-- Raw data follows --

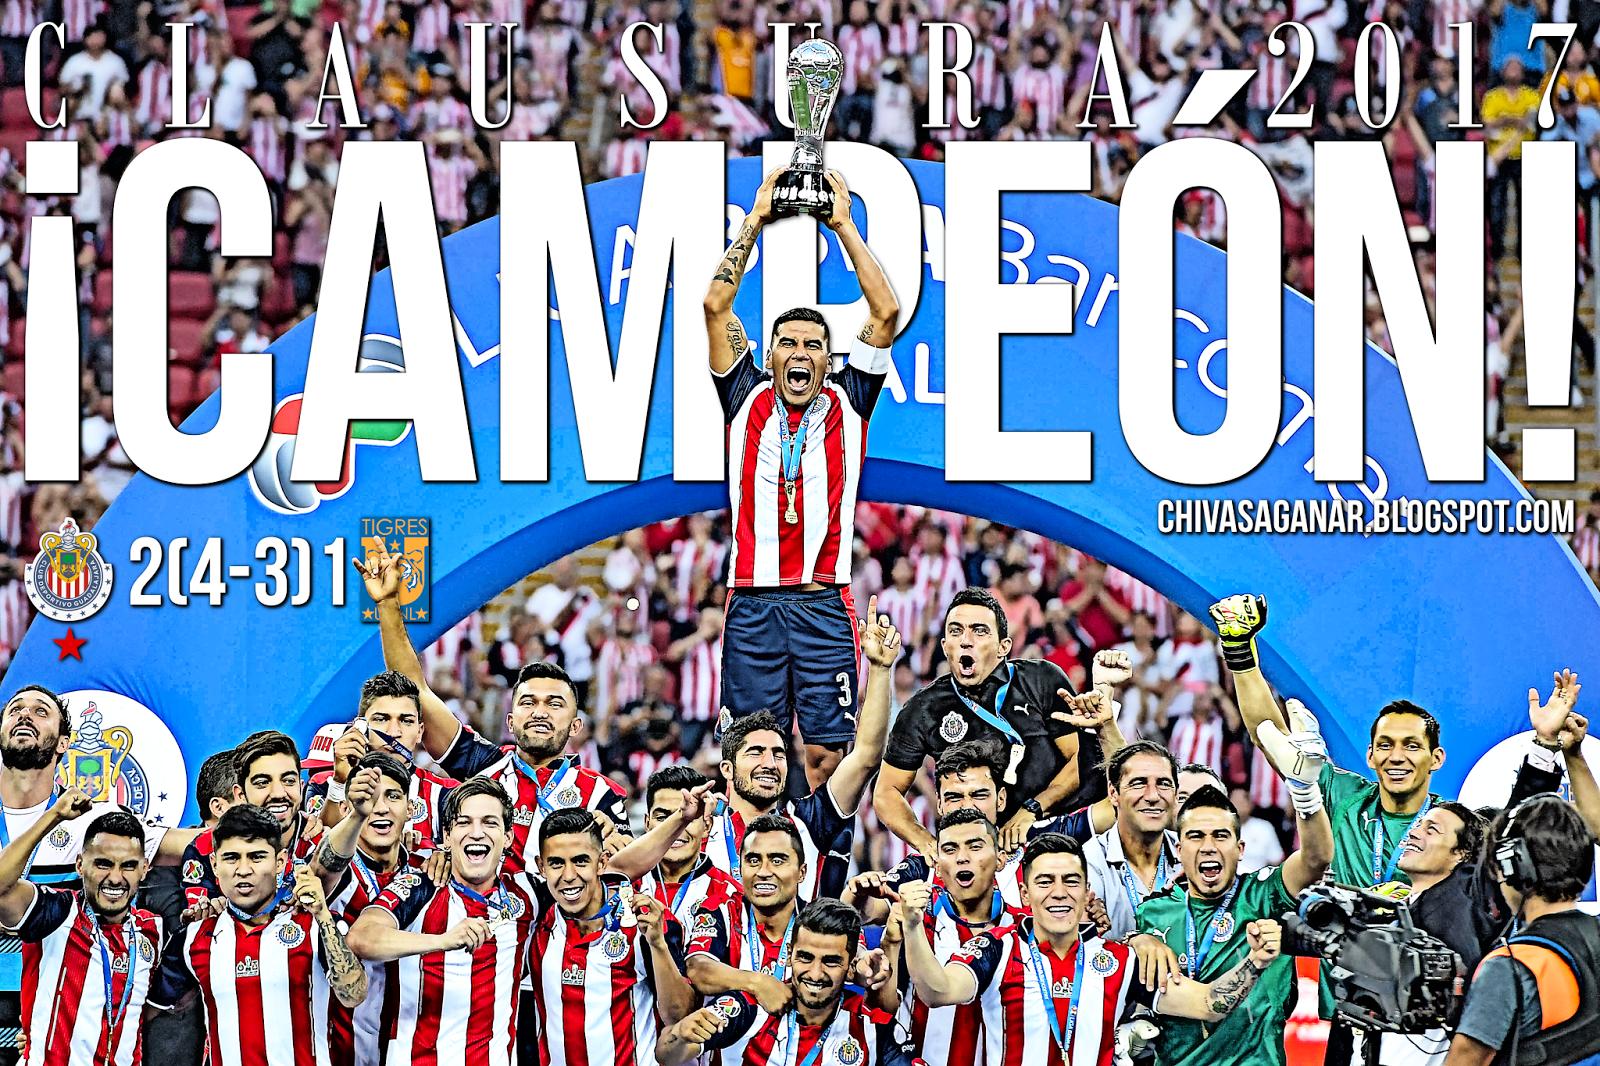 Liga MX : CD Guadalajara 2(4-3)1 CF Tigres UANL - Clausura 2017 - Final/Vuelta.
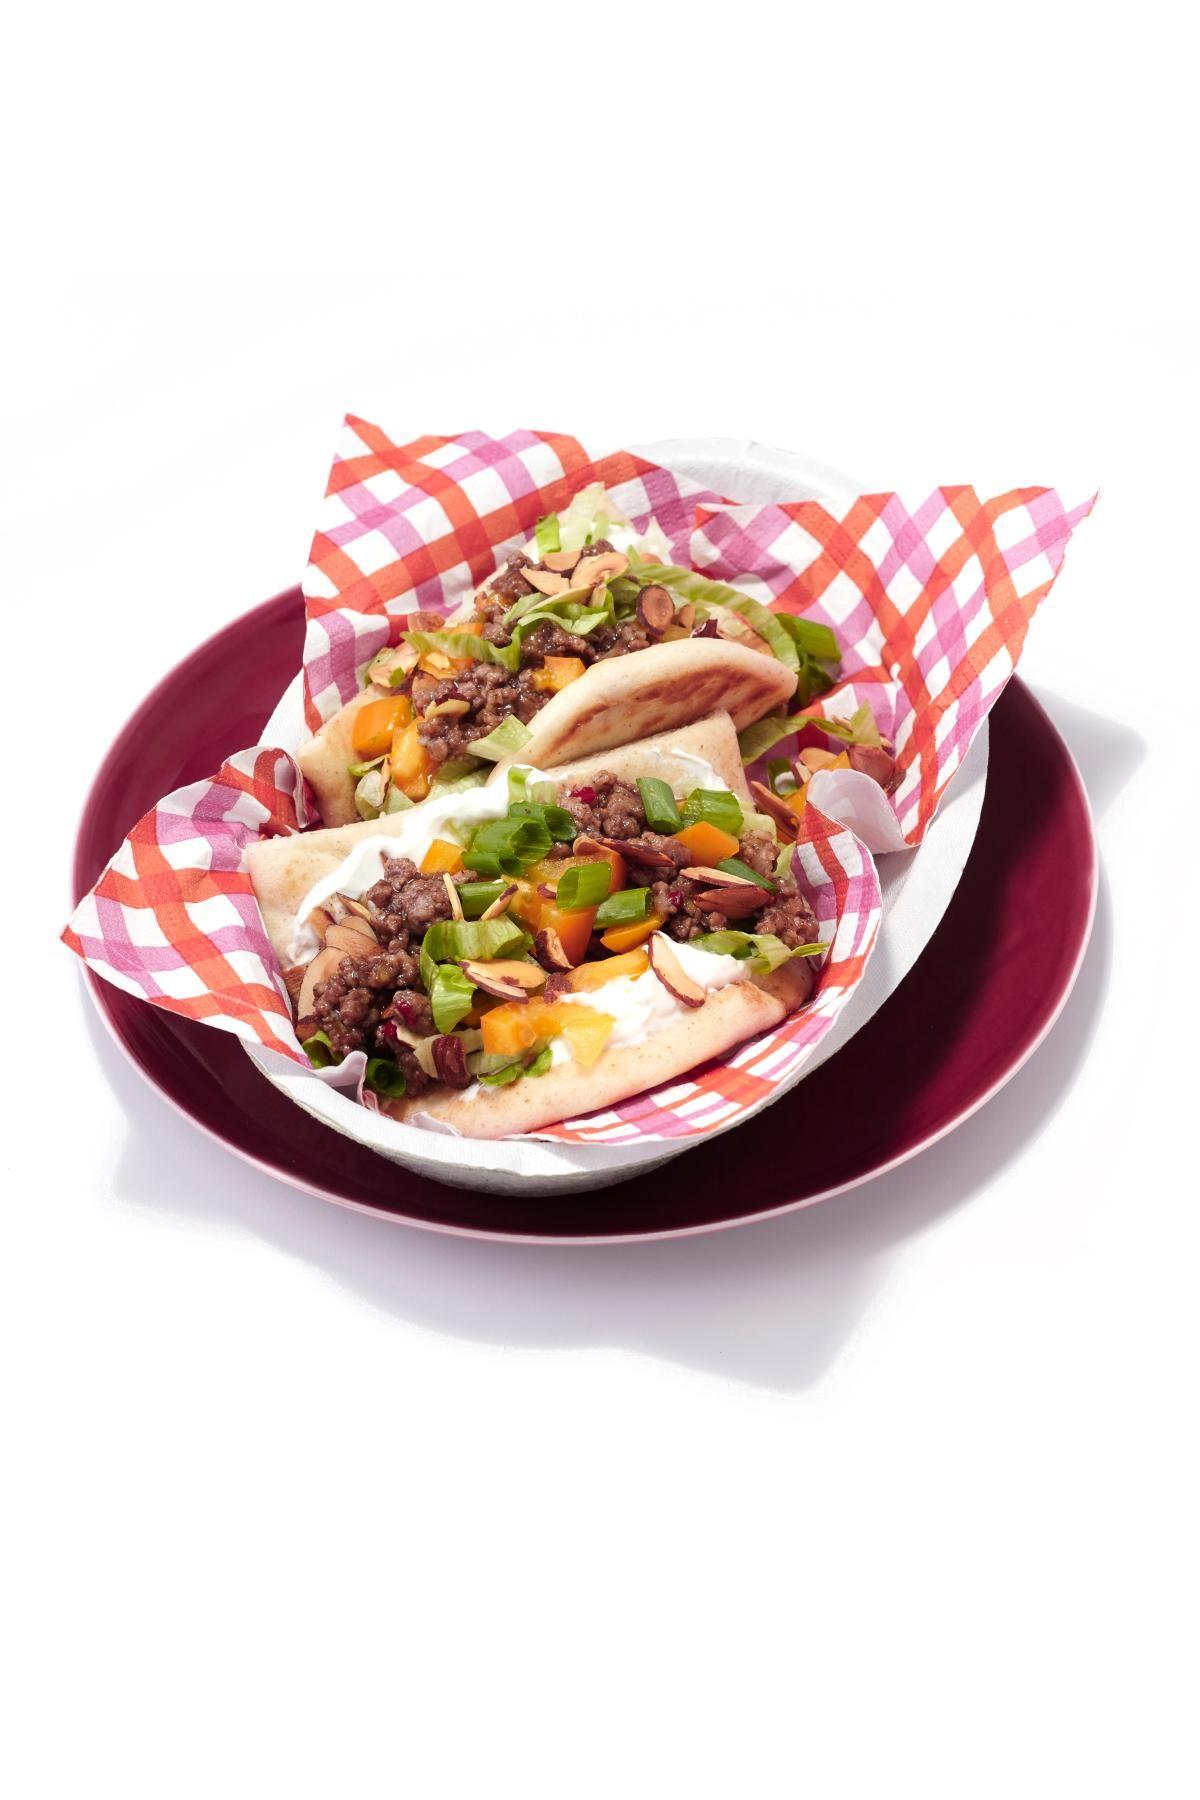 "Curry Turkey Naan Bread ""Tacos"" Recipe Naan, Naan"
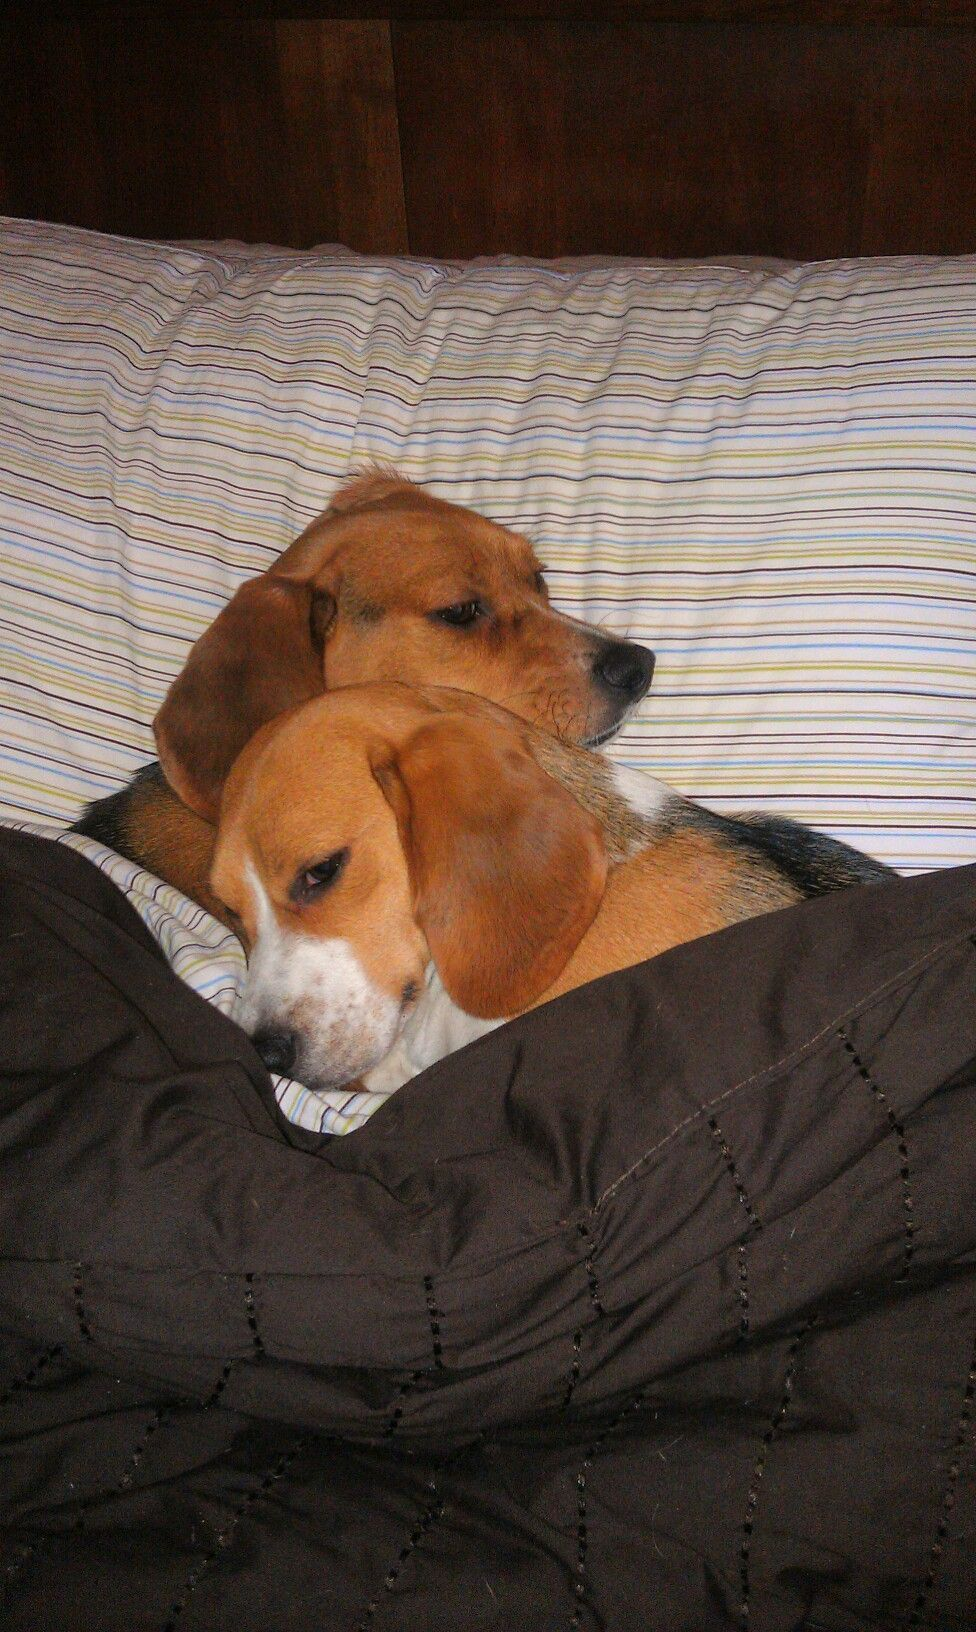 Loving Beagles Beagles Beagle Dog Beagle Puppy Beagle
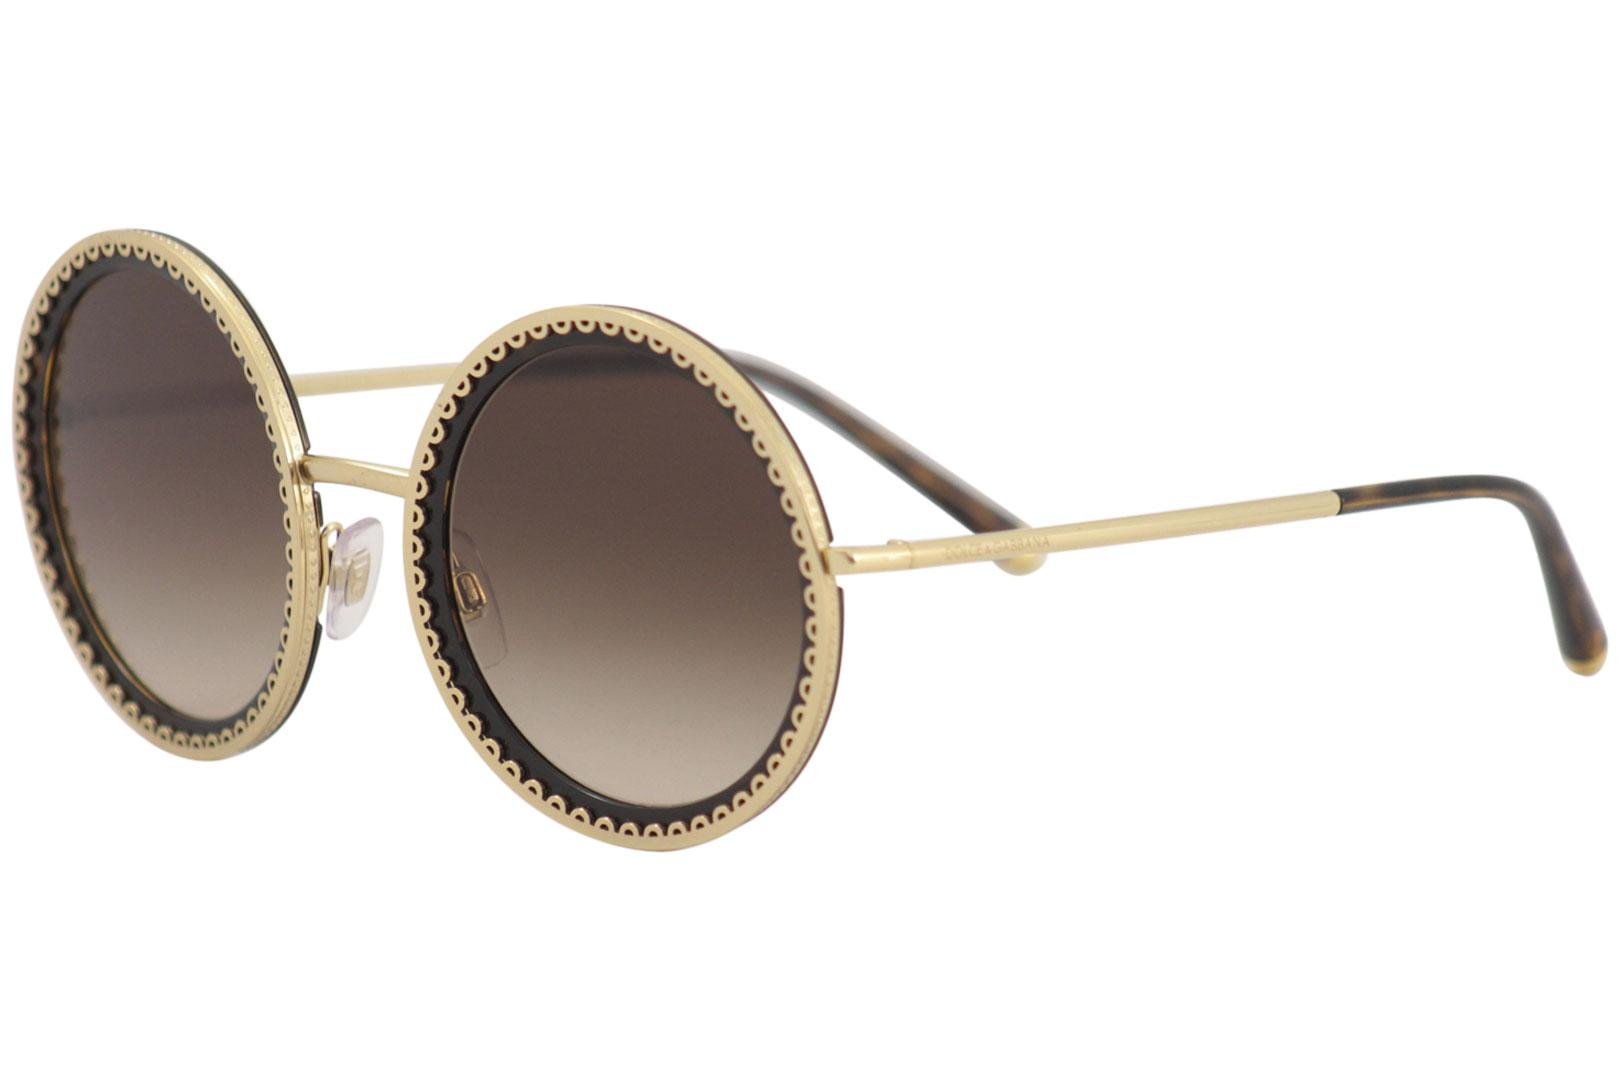 75a34a824019 Dolce   Gabbana Women s D G DG2211 DG 2211 Fashion Round Sunglasses

-- Raw data concluded --

Once the pictures are set aside, give the rest of the listing again exactly.

 Liga MX : CD Guadalajara 2(4-3)1 CF Tigres UANL - Clausura 2017 - Final/Vuelta.
 "Curry Turkey Naan Bread ""Tacos"" Recipe Naan, Naan"
 Loving Beagles Beagles Beagle Dog Beagle Puppy Beagle
 75a34a824019 Dolce   Gabbana Women s D G DG2211 DG 2211 Fashion Round Sunglasses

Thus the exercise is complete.